1 For Duke Roland, see DIMEV 3254; NIMEV 1996; and Smyser, “Charlemagne Legends,” pp. 94, 264–65. The poem consists of 1596 lines composed in twelve-line tail-rhyme stanzas.

2 On Robert Thornton and the Thornton manuscripts, see the essays in Robert Thornton and His Books, ed. Fein and Johnston. On the Thornton Charlemagne romances as being part of an aspirational vision for Christian world dominance (as displayed by manuscript context), see Hardman, “The Sege of Melayne”; and Warm, “Identity, Narrative and Participation.” Seen in this light, Thornton sets Charlemagne among other celebrated “world conquerors” that include Arthur (the alliterative Morte Arthure) and Richard (Richard Coer de Lyon). On how iconic echoes of Charlemagne influenced English depictions of King Richard in romance, see, e.g., Hardman, “The Sege of Melayne,” pp. 75, 85–86; Libbon, “The Invention of King Richard,” pp. 133–38; and Taylor, “The Chanson d’Aspremont,” pp. 111–12.
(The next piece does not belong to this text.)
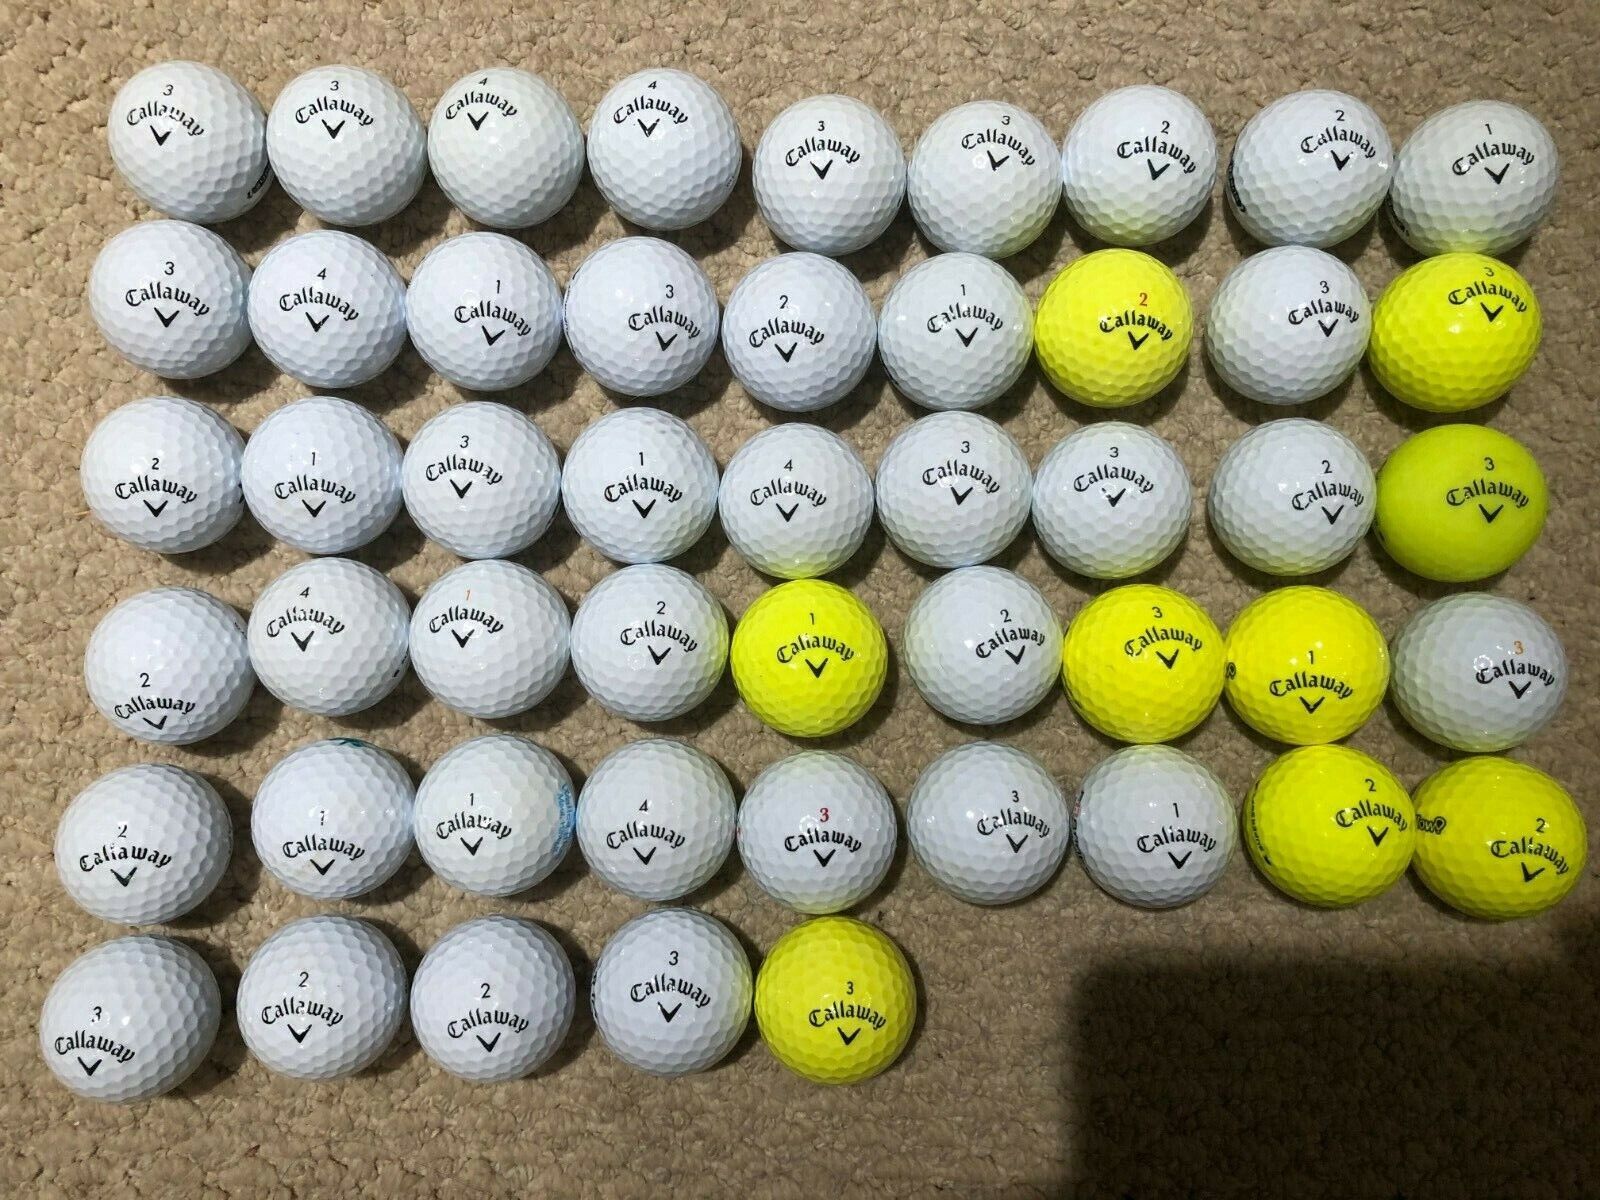 50 used golf balls Callaway Supersot and others Great condition AAAA
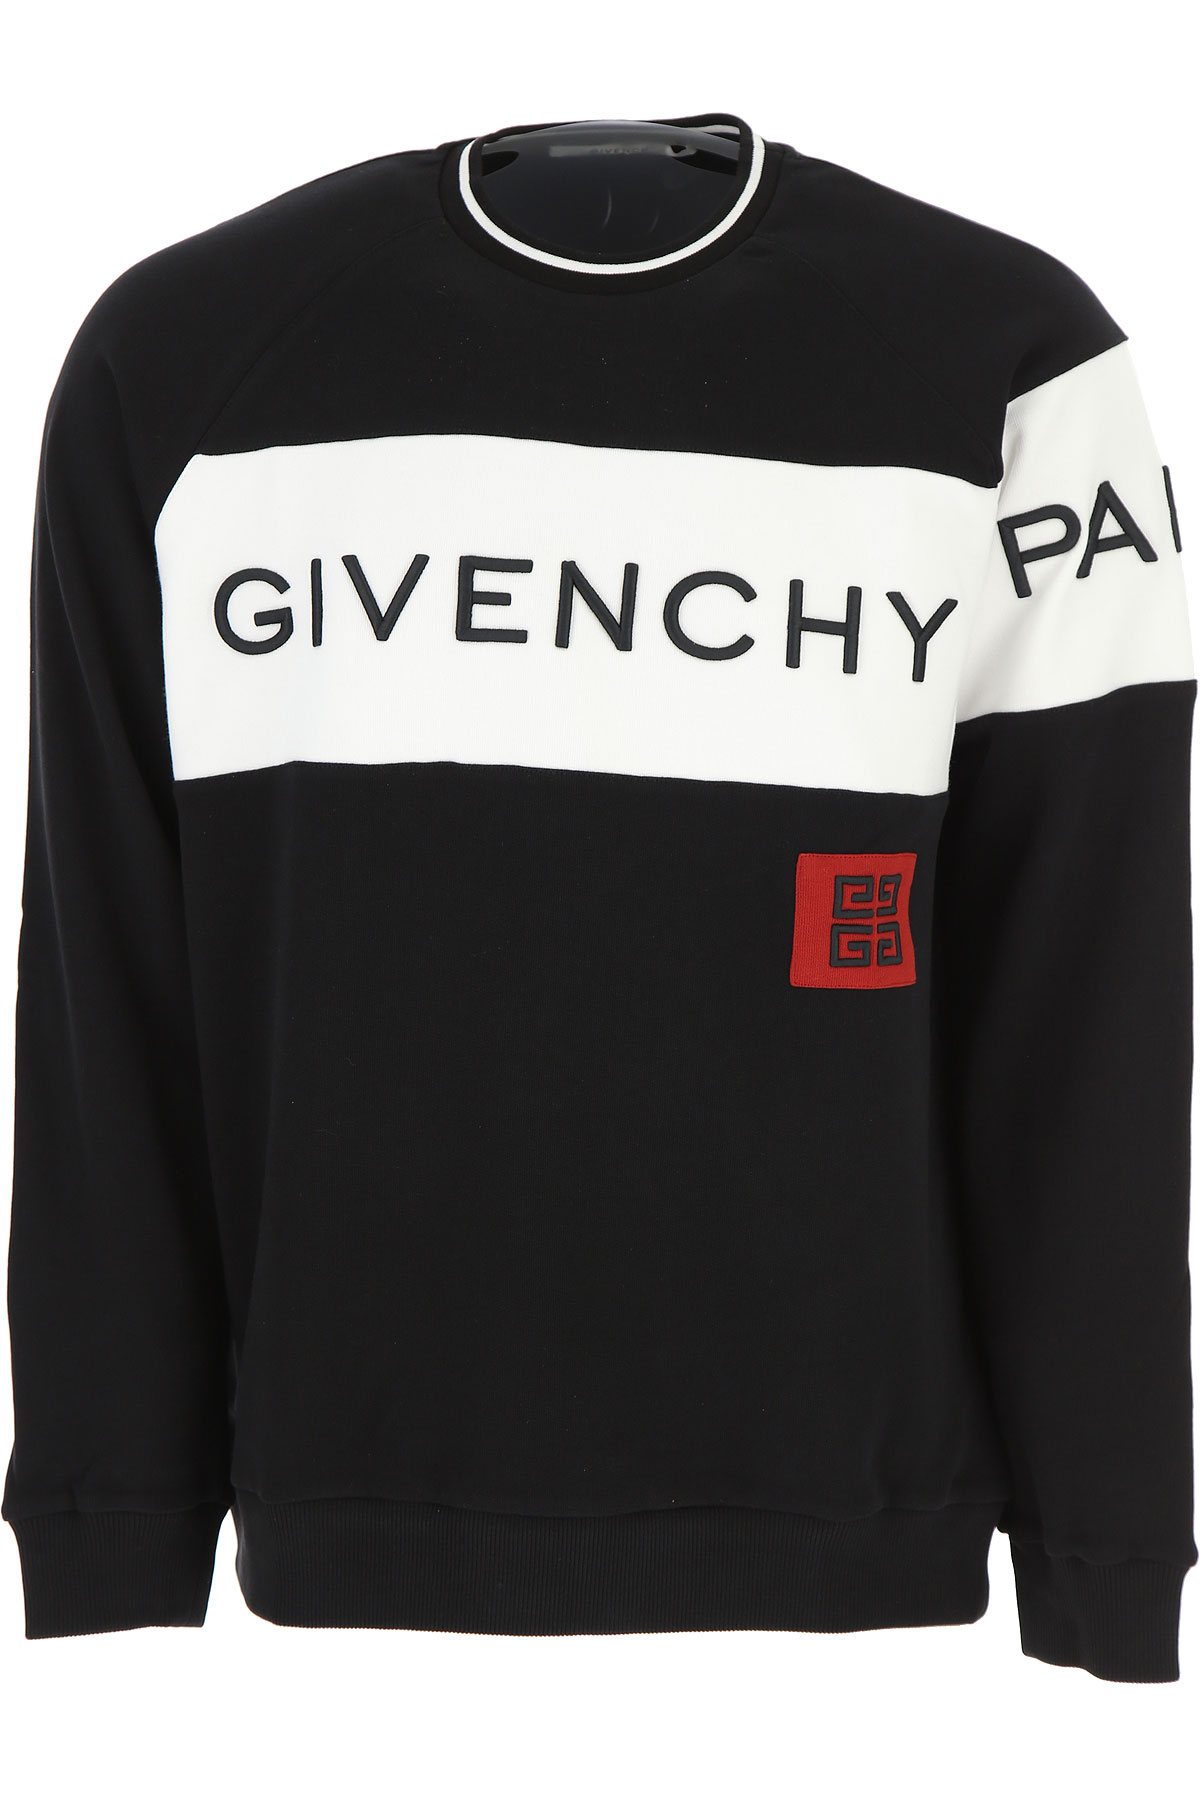 Mens Clothing Givenchy, Style code: bm708t3003-001-

3 English Charlemagne Romances. Part II, ed. Herrtage, pp. xii–xiii.

4 On these scenes which involve women and Otuel’s penchant for insult, see the introduction to Otuel a Knight, pp. 65–66.

5 Calkin, “Saracens,” p. 187.

6 On this passage in Otinel, see Hardman and Ailes, Legend of Charlemagne, p. 355.

7 According to Berlings, several romances in Robert Thornton’s manuscripts — e.g., The Siege of Milan, Sir Perceval of Galles, and Richard Coer de Lyon — contain unflattering or derogatory depictions of the French (“The Sege of Melayne,” p. 58). Otuel’s accusation of cowardice among the preeminent knights of France follows this pattern; it is also notable that Otuel is superior to the French knights in combat, even before he has converted to Christianity. For The Siege of Milan (ed. Lupack, pp. 105–60), see DIMEV 408; NIMEV 234. For Sir Perceval (ed. Braswell, pp. 1–76), see DIMEV 3074; NIMEV 1853. For Richard Coer de Lyon (ed. Larkin), see DIMEV 3231; NIMEV 1979.

8 Purdie, Anglicising Romance, p. 1. For a comparison of tail-rhyme to other twelve-line stanza forms, see Fein, “Twelve-Line Stanza Forms.”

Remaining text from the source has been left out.